What's the cost of using hundreds of threads?

Wed Mar 2 06:28:30 EST 2005

> I'm a bit confused by your math.  Fifty connections should be 102
> threads, which is quite reasonable.

My formula applies to one forwarded ('loadbalanced') connection. Every 
such connection creates further n connections (pipes) which share the 
load. Every pipe requires two threads to be spawned. Every 'main 
connection' spawns two other threads - so my formula: 2*pipes+2 gives 
the number of threads spawned per 'main connection'.

Now if connections_count connections are established the thread count 
equals:
conn_count * threads_per_main_connection = conn_count * (2*pipes+2)

For 50 connections and about 10 pipes it will give 1100 threads.

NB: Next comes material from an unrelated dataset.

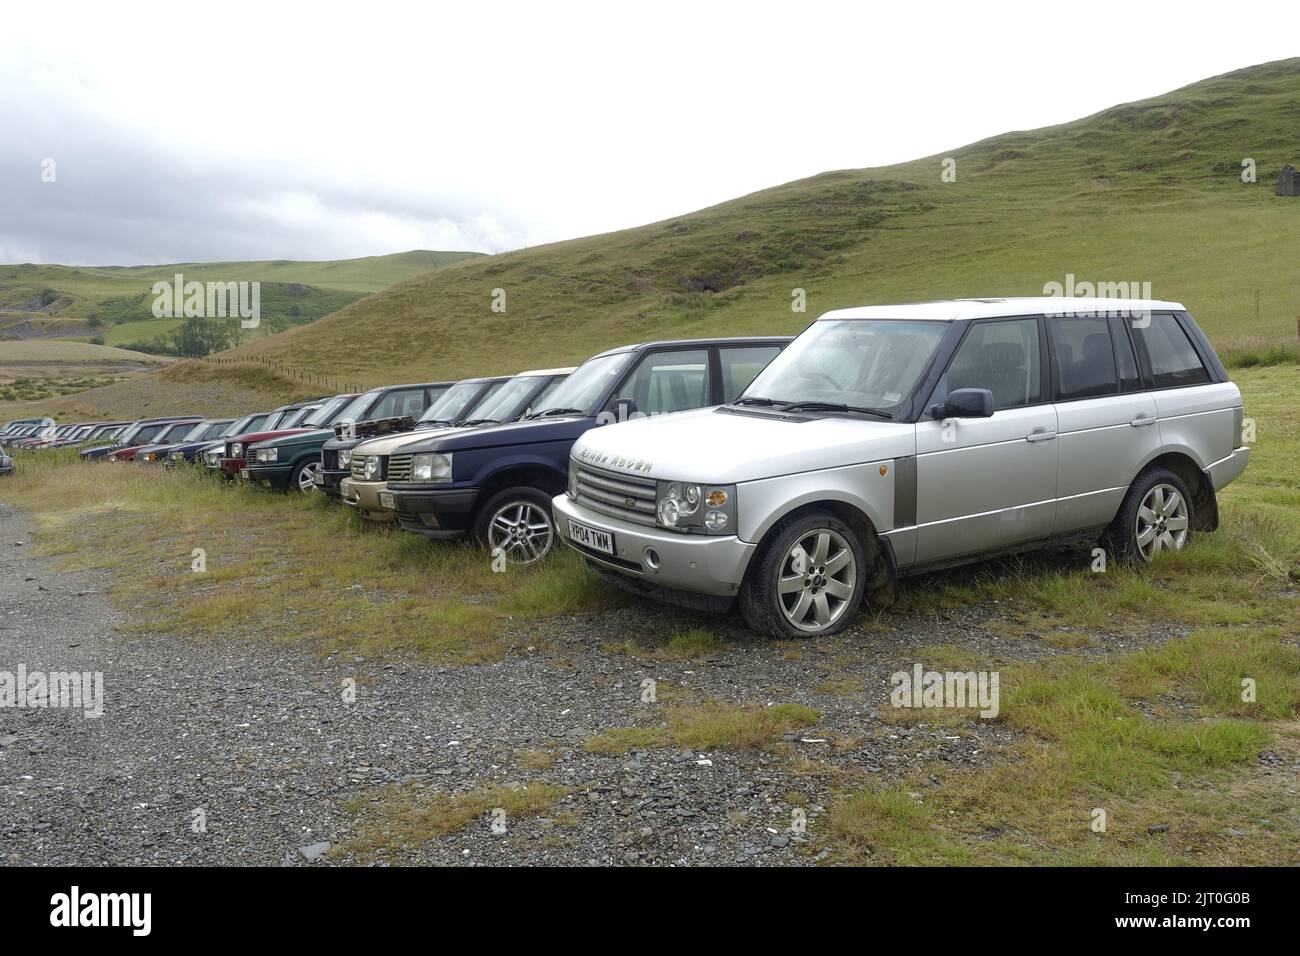 Un grand nombre de Range Rover d'occasion se trouvent sur un site de recyclage dans une campagne éloignée près de Trisant West Wales UK Banque D'Images

> My experience with lots of threads dates back to Python 1.5.2, but I
> rarely saw much improvement with more than a hundred threads, even for
> heavily I/O-bound applications on a multi-CPU system.  However, if your
> focus is algorithmic complexity, you should be able to handle a couple of
> thousand threads easily enough.

I don't spawn them because of computional reasons, but due to the fact 
that it makes my code much more simpler. I use built-in tcp features to 
achieve loadbalancing - every flow (directed through pipe) has it's own 
dedicated threads - separate for down- and upload. For every 'main 
connection' these threads share send and receive buffer. If any of pipes 
is congested the corresponding threads block on their send / recv 
functions - without affecting independence of data flows.

Using threads gives me VERY simple code. To achieve this with poll / 
select would be much more difficult. And to guarantee concurrency and 
maximal throughput for all of pipes I would probably have to mirror code 
  from linux TCP stack (I mean window shifting, data acknowlegement, 
retransmission queues). Or perhaps I exaggerate.